A federal court in Hammond, Indiana, has unsealed an indictment charging Guan Tianfeng, a citizen of the People's Republic of China, with conspiring to hack into firewall devices worldwide. Guan and his co-conspirators are accused of working from Sichuan Silence Information Technology Co. Ltd., exploiting a previously unknown vulnerability in firewalls sold by U.K.-based Sophos Ltd. The malware they developed was designed to steal information and encrypt files on infected computers.
Deputy Attorney General Lisa Monaco stated, "The defendant and his co-conspirators exploited a vulnerability in tens of thousands of network security devices, infecting them with malware designed to steal information from victims around the world." She emphasized the Justice Department's commitment to holding malicious cyber actors accountable.

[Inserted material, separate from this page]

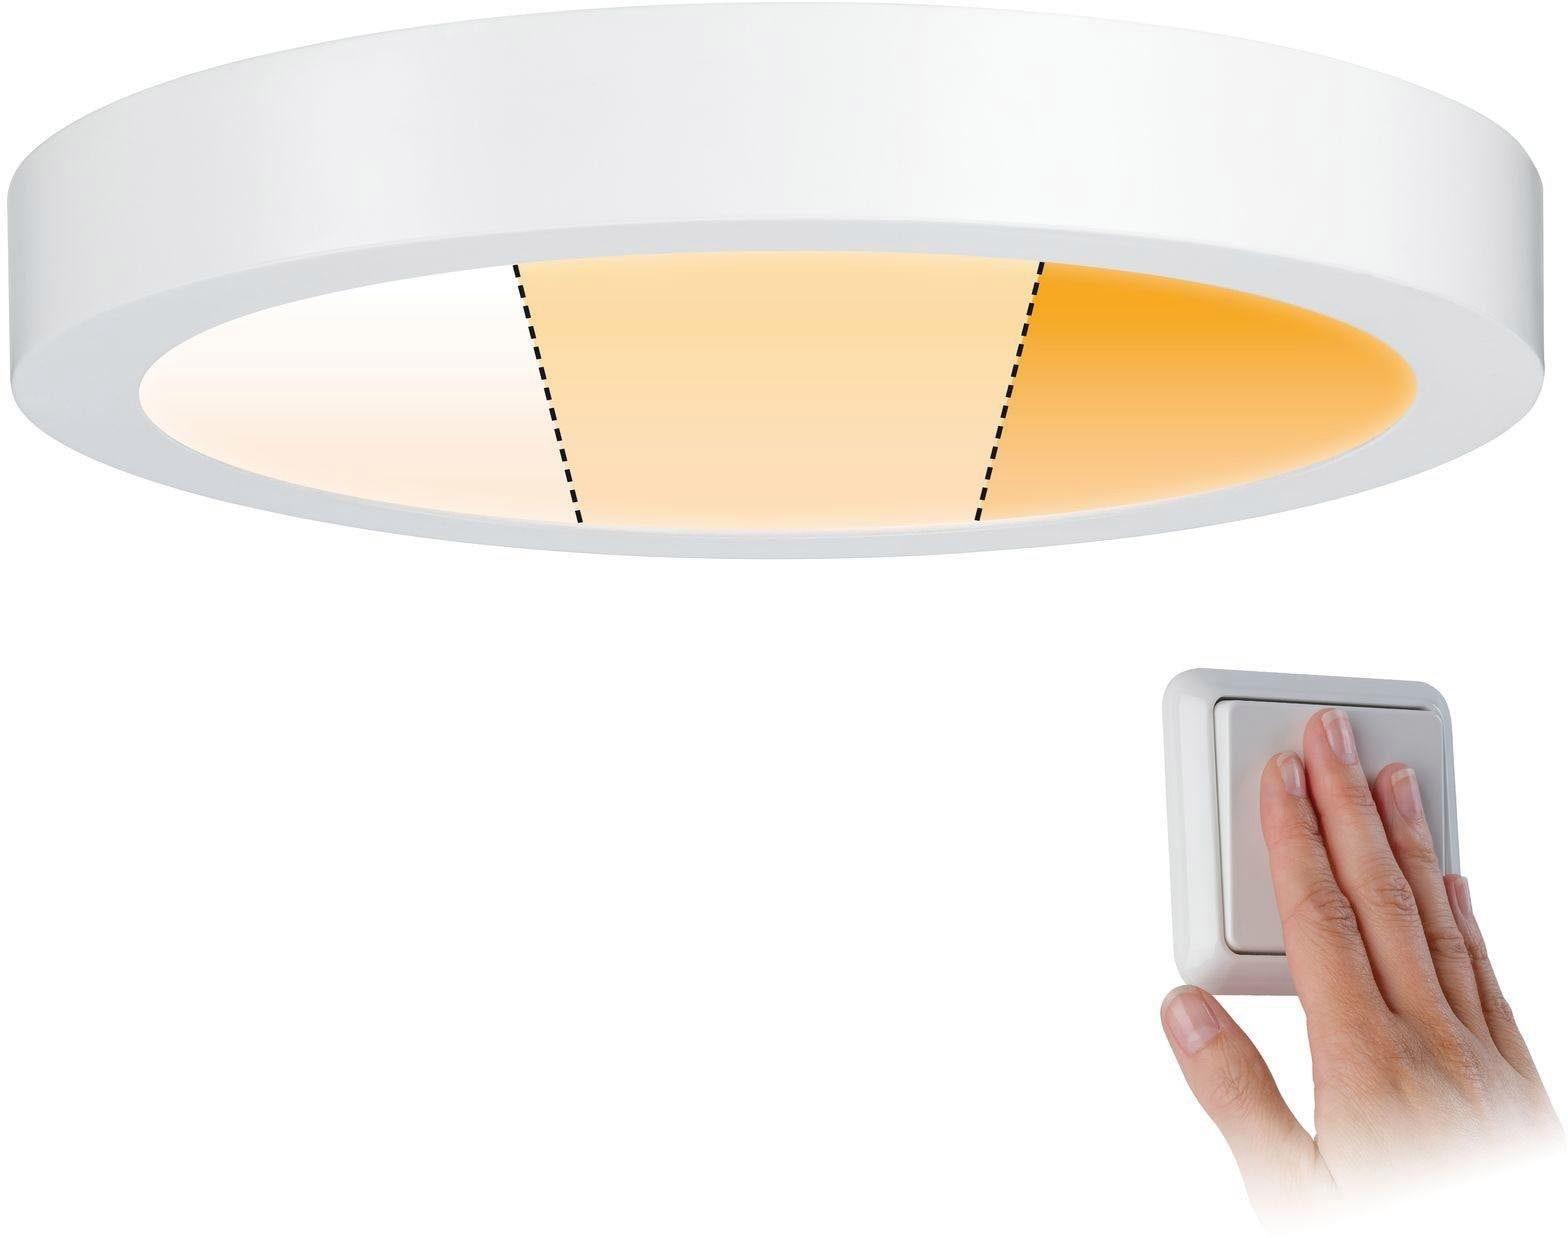 Paulmann LED Panel Carpo Warmdimmfunktion weiß matt 16W Metall, Warmweiß-Extra-Warmweiß, LED Deckenleuchte, LED Deckenlampe
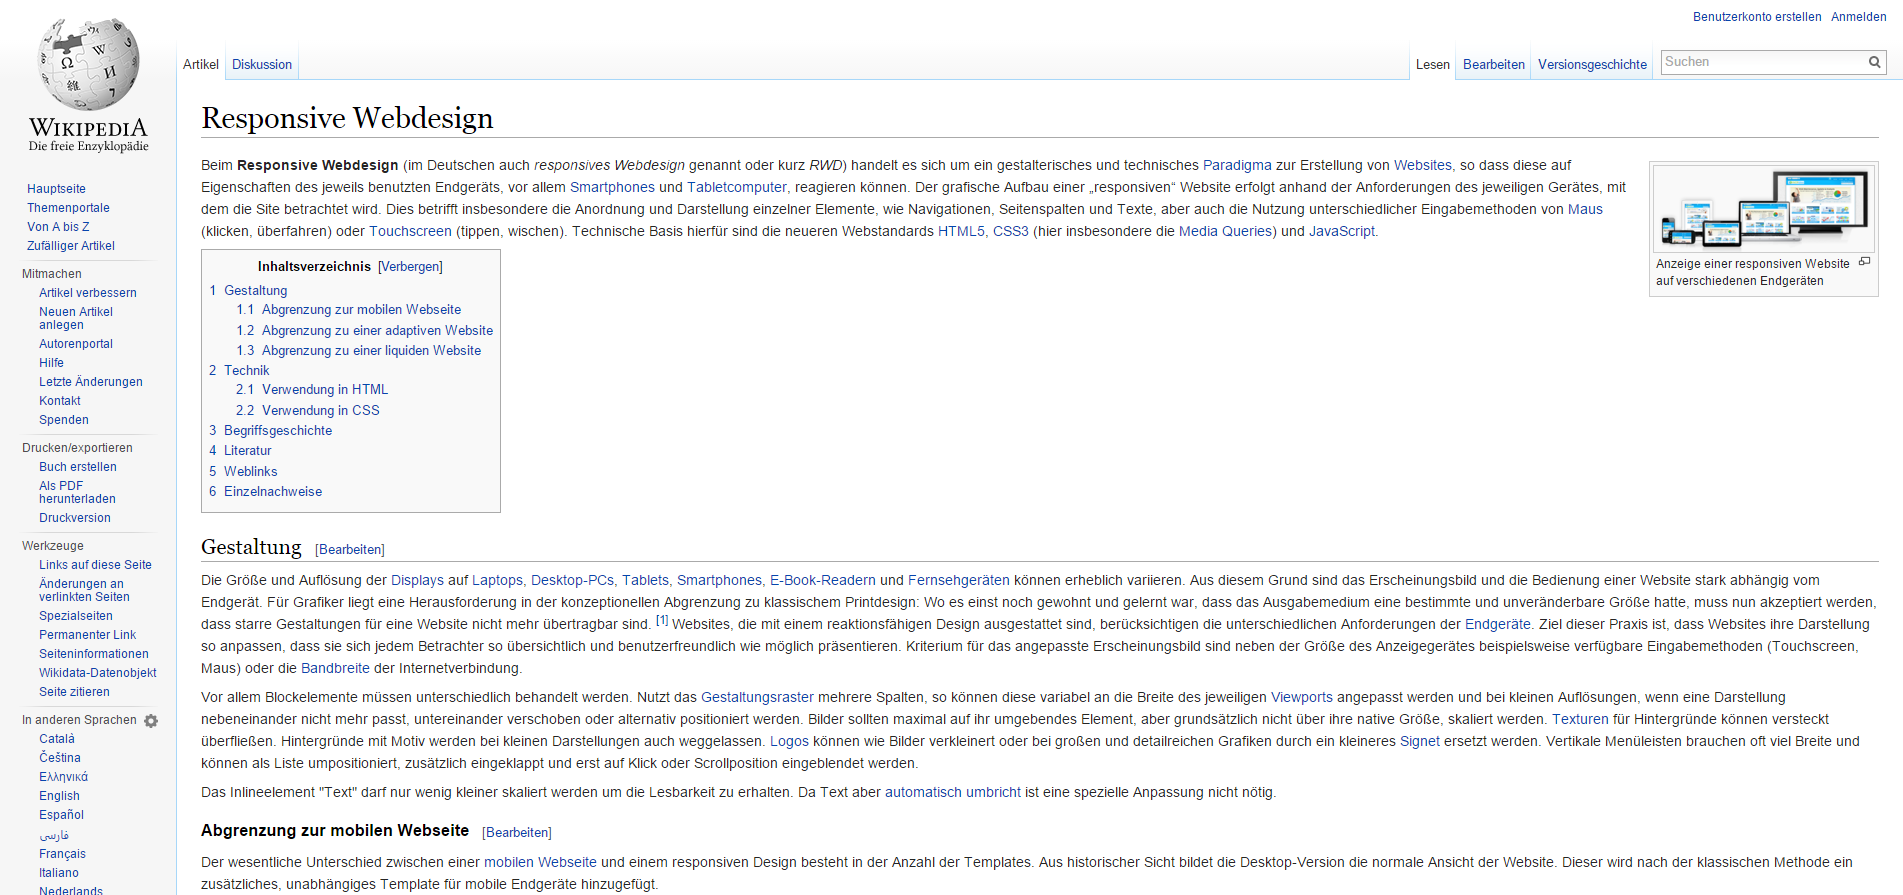 Wikipedia 1080p

Assistant Attorney General for National Security Matthew G. Olsen remarked on the compromised firewalls: "The Department of Justice will hold accountable those who contribute to the dangerous ecosystem of China-based enabling companies that carry out indiscriminate hacks."
FBI Assistant Director Bryan Vorndran highlighted law enforcement actions that prevented further victimization: "Our law enforcement actions, technical expertise, and enduring partnerships with private companies, like Sophos, demonstrate the reputation of the FBI as being a reliable and effective partner for stopping this malicious activity."
U.S. Attorney Clifford D. Johnson for the Northern District of Indiana added, "Guan Tianfeng and his co-conspirators placed thousands of computer networks at risk by conducting this attack."
Special Agent in Charge Herbert J. Stapleton praised Sophos's rapid response: "If Sophos had not rapidly identified the vulnerability and deployed a comprehensive response, the damage could have been far more severe."
The indictment details how Guan and his associates targeted approximately 81,000 Sophos firewalls using a 0-day vulnerability later designated CVE-2020-12271. They attempted to disguise their activities by registering domains resembling those controlled by Sophos.
Court documents reveal that Guan worked for Sichuan Silence, which has ties to PRC government organizations such as the Ministry of Public Security. Following revelations by Sophos about long-running investigations into PRC-based threat groups targeting its appliances, the FBI issued calls for information regarding these intrusions.
In addition to legal proceedings against Guan, sanctions were announced against him and Sichuan Silence by U.S. authorities. The U.S. Department of State also offered rewards for information leading to their identification or location related to malicious cyber activities against U.S infrastructure.
The case is prosecuted by Trial Attorneys Jacques Singer-Emery and George Brown along with Assistant U.S. Attorney Steven J. Lupa.
An indictment remains an allegation until proven guilty beyond reasonable doubt in court.